Problem requirements: Print only the lines below from the one with "El grupo de" to the one with "Feminino Tênis Feminino", both included, exactly as they stand. Leave pictures out.

(Records for this task Opens)

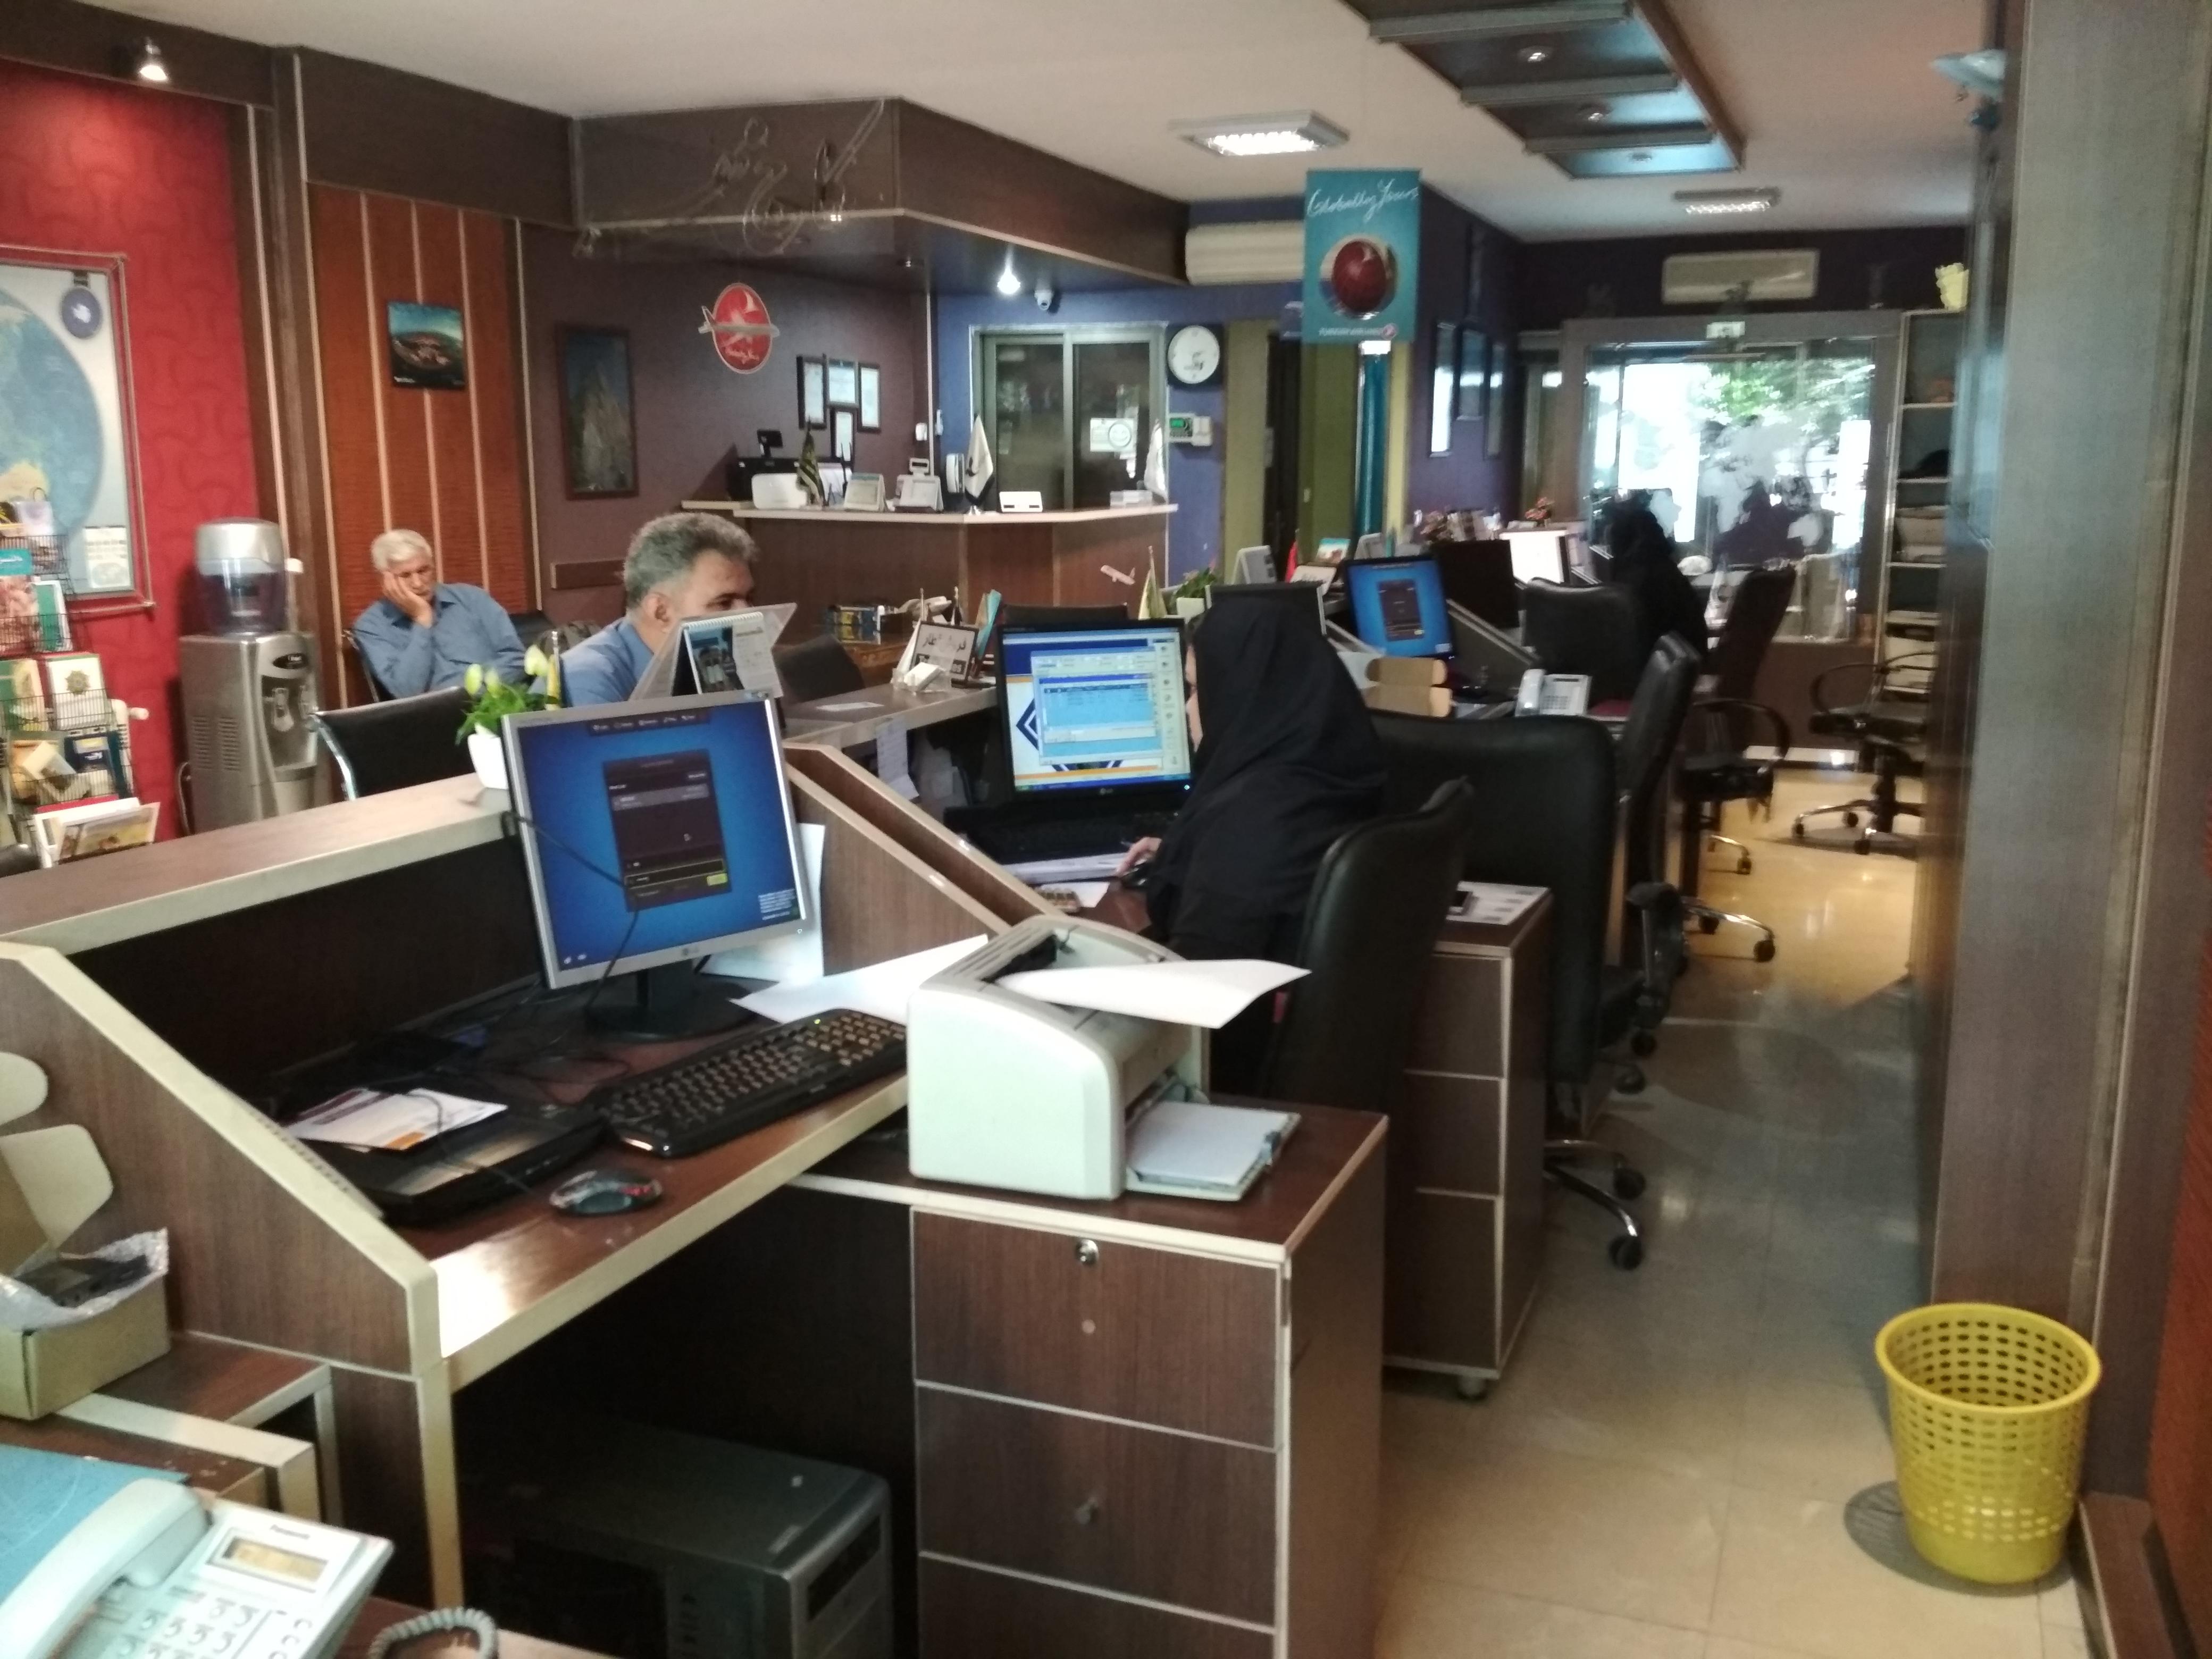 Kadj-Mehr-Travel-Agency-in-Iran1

(Records for this task Closes)
(Records for this task Opens)

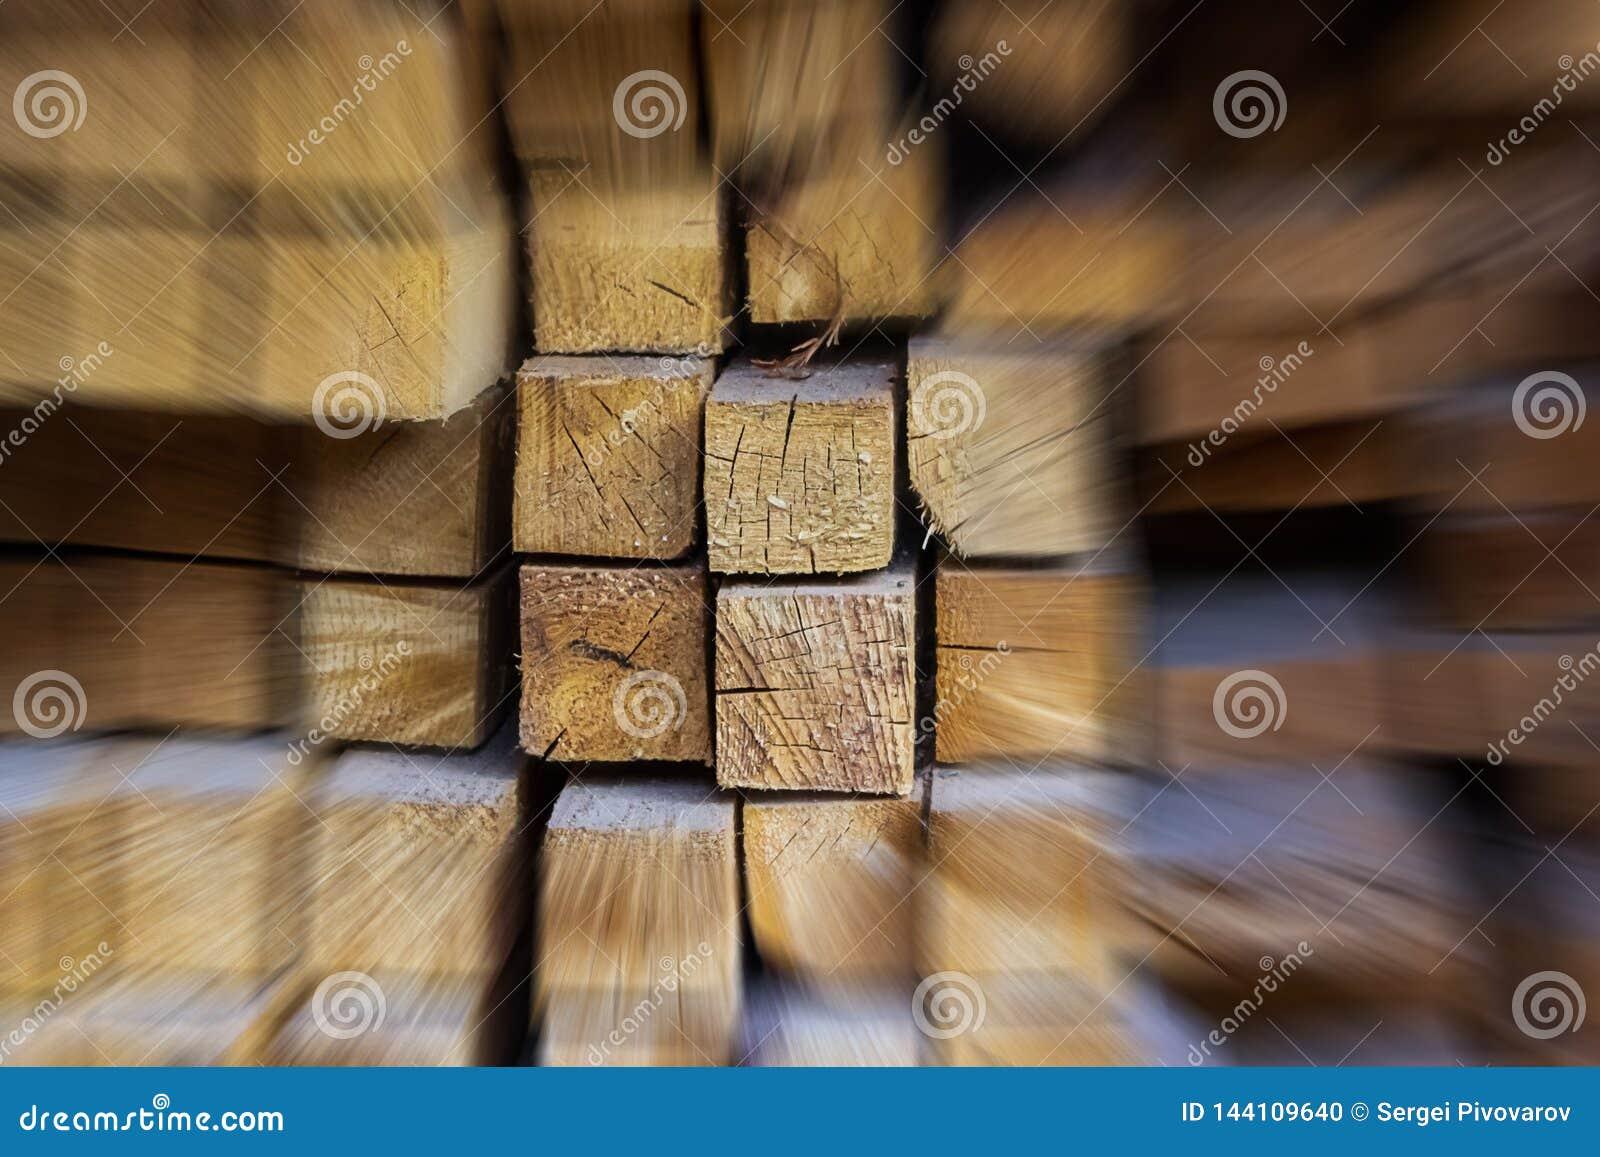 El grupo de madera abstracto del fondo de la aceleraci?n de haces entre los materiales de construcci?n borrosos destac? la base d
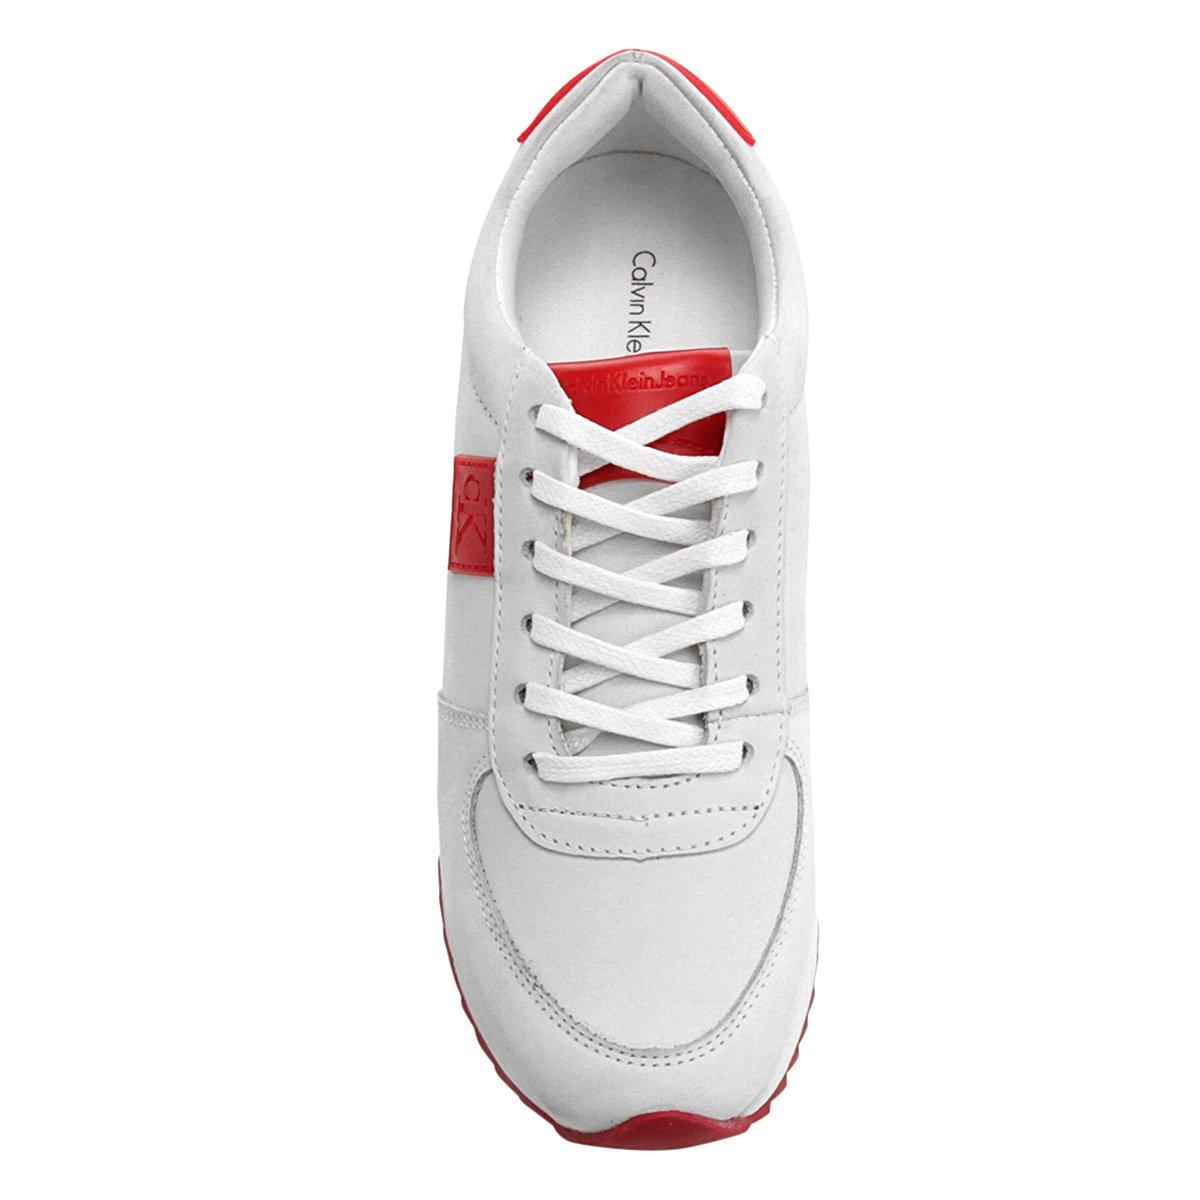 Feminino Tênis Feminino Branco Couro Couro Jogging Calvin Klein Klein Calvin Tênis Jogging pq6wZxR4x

(Records for this task Closes)
(Records for this task Opens)

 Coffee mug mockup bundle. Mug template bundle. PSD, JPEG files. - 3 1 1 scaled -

(Records for this task Closes)

Response area:
 El grupo de madera abstracto del fondo de la aceleraci?n de haces entre los materiales de construcci?n borrosos destac? la base d
 Feminino Tênis Feminino Branco Couro Couro Jogging Calvin Klein Klein Calvin Tênis Jogging pq6wZxR4x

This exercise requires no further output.